1 JULY 1943, Page 12

AGRICULTURAL POLICY

LETTERS TO THE EDITOR Sta,—I think we are all indebted to Mr. Naylor for his letter. He puts his points admirably ; the only difficulty is that he has not read some, or most, of the documents which he discusses, and that he does not meet the case. I shall confine myself to one point, but that is not to say that I do not equally dissent from every other contention which he advances.

It was not I who suggested that there could not be found better employment " for a man growing sugar at the cost (to the taxpayer) of imported sugar over the counter." It was the Greene Committee which recommended the stopping of the home sugar-industry. He will find the statement on page rot of that document, para. 313: "We have considered carefully whether any satisfactory measures would be possible to relieve the dislocation of .agricultural employment which might be caused by the cessation of the cultivation of sugar-beet ; but we regret to say that no method of giving relief to the workers immediately affected which would be administratively practicable has presented itself to us. It is, however, a consideration that by the time these effects would be felt it is possible that a system of Unemployment Insurance for agricultural workers may be in operation."

In a very ecstasy of self-destruction, and in addition to their finding that " the capital invested in factories would be largely lost and the bulk of the plant would become worth no more than scrap value," two out of the three signatories to the Report recommended that the home sugar-industry should be closed down. This, in 1935, when, Heaven knows, The pool of unemployed both for industry and agriculture was full enough, one would have believed, to satisfy the most ardent, and the dangers to our overseas supplies sufficiently self-evident. All this on the ground that the home industry could not produce as cheaply as " Java, Santo Domingo or Peru." Mr. Cyril Lloyd, also a member of the Committee, to the great credit both of his foresight and of his humanity, dissented from this view.

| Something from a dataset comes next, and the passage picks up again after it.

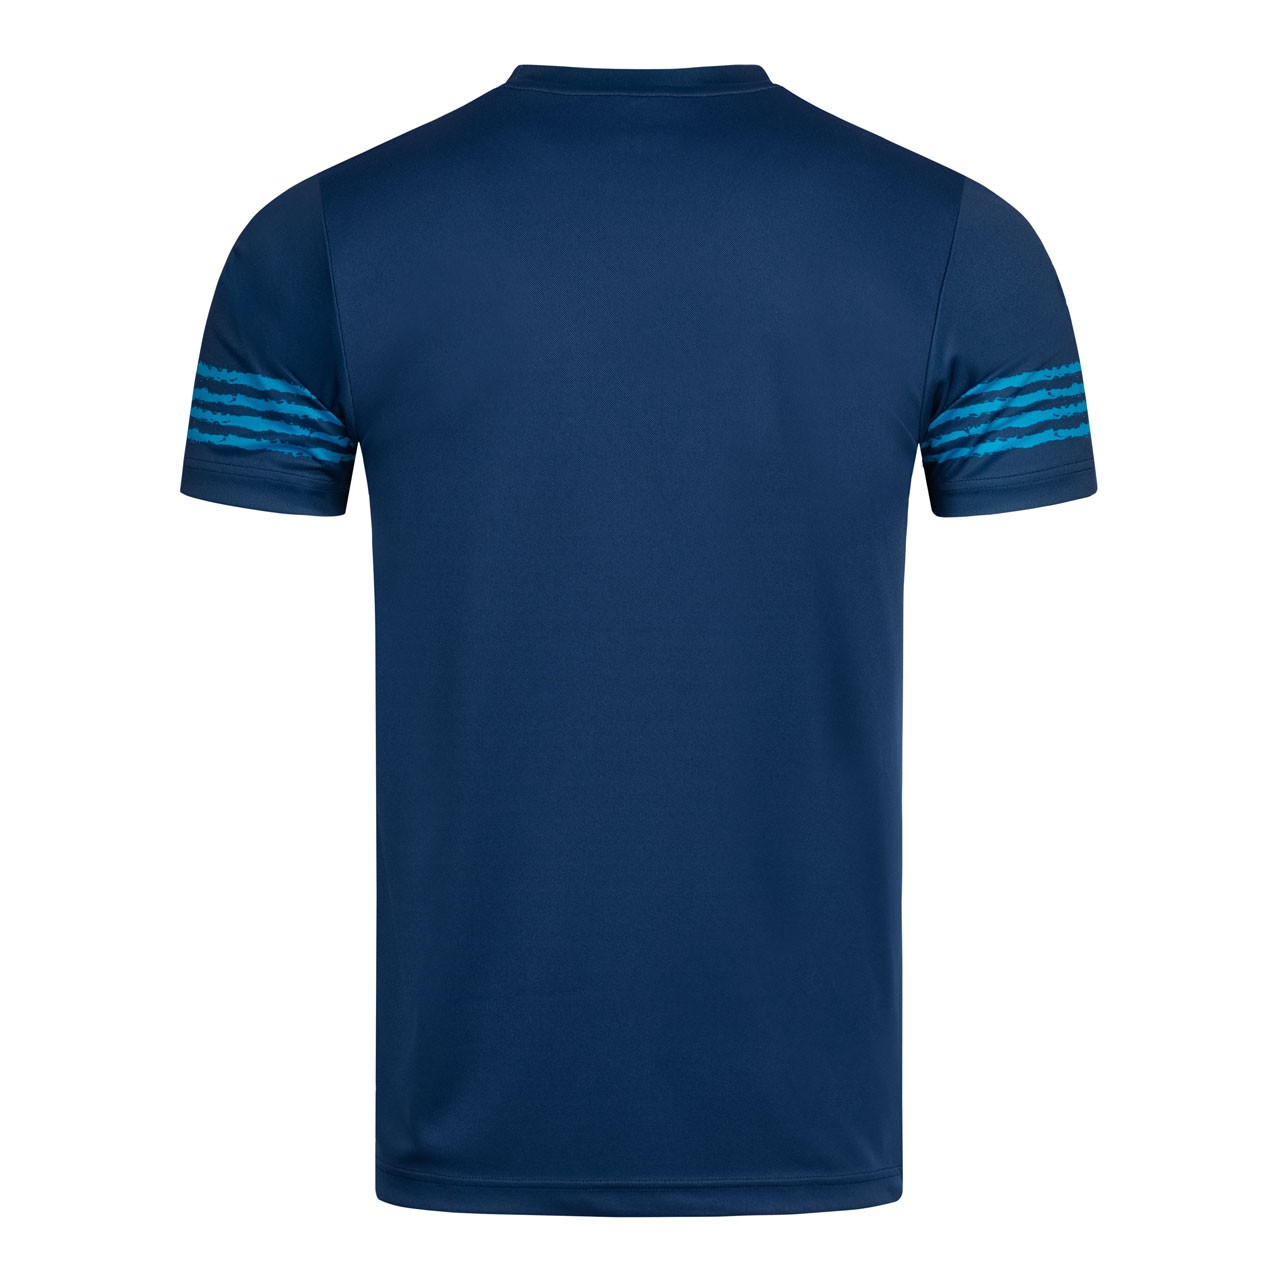 Donic Shirt Libra navy/cyan blue | Tabletennis11.com (TT11)

I suppose it is useless to ask any hardened Old Believer to consider what overheads, in a proper costings system, would have to be allowed to provide, for instance, the armies and the battle-fleets required to guarantee continued delivery " from Java." We are likely to know more about that by the end of the war. Or, what the cost of bunging the social services in Santo Domingo or Peru up to the level of those in Yorkshire, or Norfolk, is likely to be. But one would have thought that a respect for the present labour and suffering of East Anglia, let alone gratitude for the very sugar in one's tea (the whole domestic ration is now provided by the home sugar-industry) would have warranted a slightly less de haut en has attitude from anyone discussing today a project framed so deliberately to throw twenty thousand agricultural labourers upon " a system of Unemployment Insurance " which " by

t he time these effects would be felt " might " it is possible " be in operation.

I suppose that some day the advocates of such courses will get into their heads that to turn mud into food, or geological coal-strata into burnable fuel, is a basic process differing somehow from making entries about such things in ledgers ; and that the workers who can do such things are worth preserving. It is, however, a distant hope ; for if the point does not penetrate at present, it is hard to see what stronger combination of circumstances could be devised to hammer it home.—

I am, Sir, yours faithfully, WALTER ELLIOT. Harwood, Bonchester Bridge, Hawick, N.B.